Un epilogo personale che dice molto anche sulla storia di un Pd in via di trasformazione
Le dimissioni del presidente dell’Emilia Romagna, Vasco Errani, dopo la condanna in appello a un anno per falso ideologico, rappresentano un evento politico tutt’altro che secondario. Il personaggio ha avuto un ruolo di primo piano nella storia del post-comunismo italiano. Per quindici anni al vertice della regione “rossa” per eccellenza, a lungo presidente della conferenza Stato-Regioni, un rango elevato nel suo partito, amico di Bersani ma rispettato e stimato dai “renziani”: il ritratto di Errani è ben descritto da questi particolari e altri se ne potrebbero aggiungere.
La condanna in appello nel processo “Terremerse” è giunta dopo un’assoluzione in primo grado e ha lasciato il segno nel Partito Democratico. Intorno ad Errani si è creato subito un cordone di solidarietà, gli attestati di stima si sono moltiplicati. La segreteria del Pd gli ha chiesto “pro forma” di ritirare le dimissioni, peraltro date di slancio dall’interessato subito dopo aver avuto notizia della sentenza giudiziaria.
E qui naturalmente sono affiorate le polemiche. Come mai, si è domandato qualcuno, questo grande abbraccio a Errani quando invece il sindaco di Venezia, Orsoni, è stato abbandonato al suo destino appena poche settimane fa? Perché il “garantismo” a intermittenza? Ma la questione è mal posta e il parallelo non regge. Essere garantisti, soprattutto nel Pd, non significa essere ciechi o incapaci di distinguere le situazioni sul piano giudiziario e politico. Errani è un pezzo della storia vivente del Pd, così come ha preso forma in anni travagliati.
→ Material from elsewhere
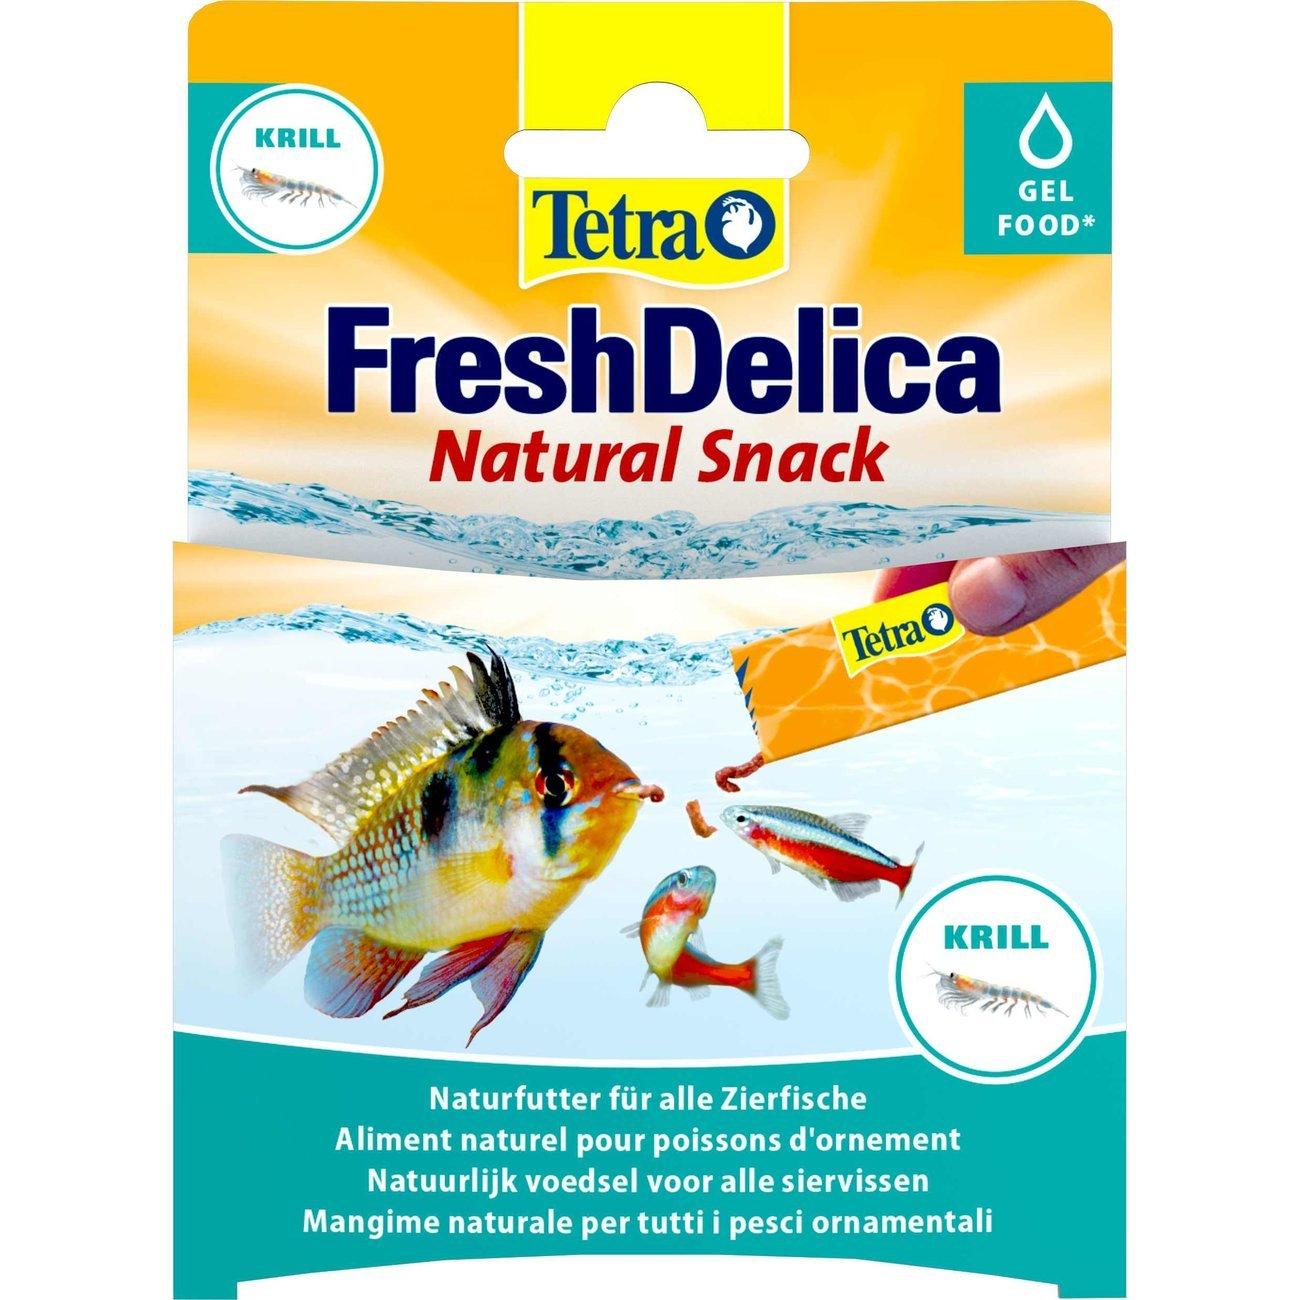 Tetra FreshDelica Gelee, Krill, 48 g

Quale presidente dell’Emilia Romagna ha tutelato grandi e compositi interessi, ma sulla sua onestà personale in tanti sono disposti a giurare, amici e meno amici.
La vicenda di Orsoni è tutt’altra e rinvia alla storia oscura del Mose. Inoltre l’ex sindaco di Venezia tentò di restare in carica dopo il patteggiamento, lanciando obliqui segnali a chi era in grado di intenderli. Errani, viceversa, ha avuto l’intelligenza di lasciare la sua carica senza esitazioni, pur proclamando la propria innocenza. A Bologna, dopo tre lustri di governo, la sua parabola era comunque conclusa e ora il ricorso in Cassazione servirà a restituirgli l’onore (e con esso magari un nuovo incarico) oppure a consegnarlo all’oblìo politico.
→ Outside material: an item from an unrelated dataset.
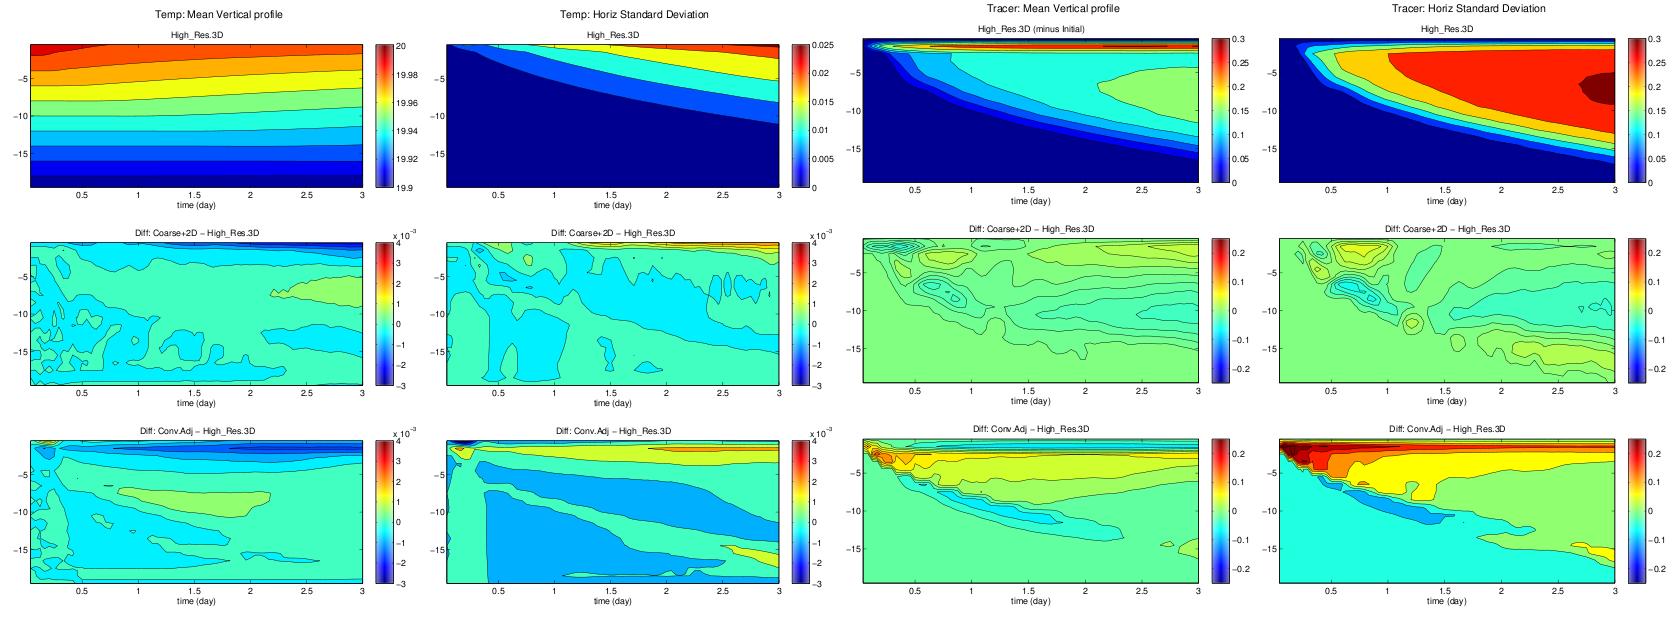 Figure 3. Evolution of vertical profiles of temperature, temperature standard deviation, tracer and tracer standrad deviation.

In ogni caso fra Errani e Orsoni il paragone non è possibile e chi si sorprende per il diverso trattamento riservato dal Pd ai due amministratori dimostra di non avere il senso delle proporzioni. Piaccia o no, il garantismo è sempre legato alle circostanze, al peso dei personaggi in questione, alle loro storie politiche e umane.
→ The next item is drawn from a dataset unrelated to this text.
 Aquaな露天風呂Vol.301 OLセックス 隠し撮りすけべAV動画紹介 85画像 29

Di fatto però l’uscita di scena di Errani, pur con l’onore delle armi, segna una nuova svolta nel Pd. Il partito dei “quadri” e del potere locale, il partito che per decenni è stato la spina dorsale del Pci, poi Pds, Ds e ora Pd subisce un altro “shock”. Dopo la sconfitta elettorale a Livorno e in altre storiche località, la coperta tradizionale diventa sempre più corta. La condanna penale c’entra fino a un certo punto, benché in passato forse non ci sarebbe stata. Ma l’incidente giudiziario, in fondo minore, è sovrastato dal lento smottamento politico. Si capisce che il centrosinistra sta cambiando fisionomia e la nuova fase appartiene ad altri protagonisti. Il “renzismo” va di corsa e magari finirà per deragliare, ma lo farà con un diverso stile e soprattutto altri volti.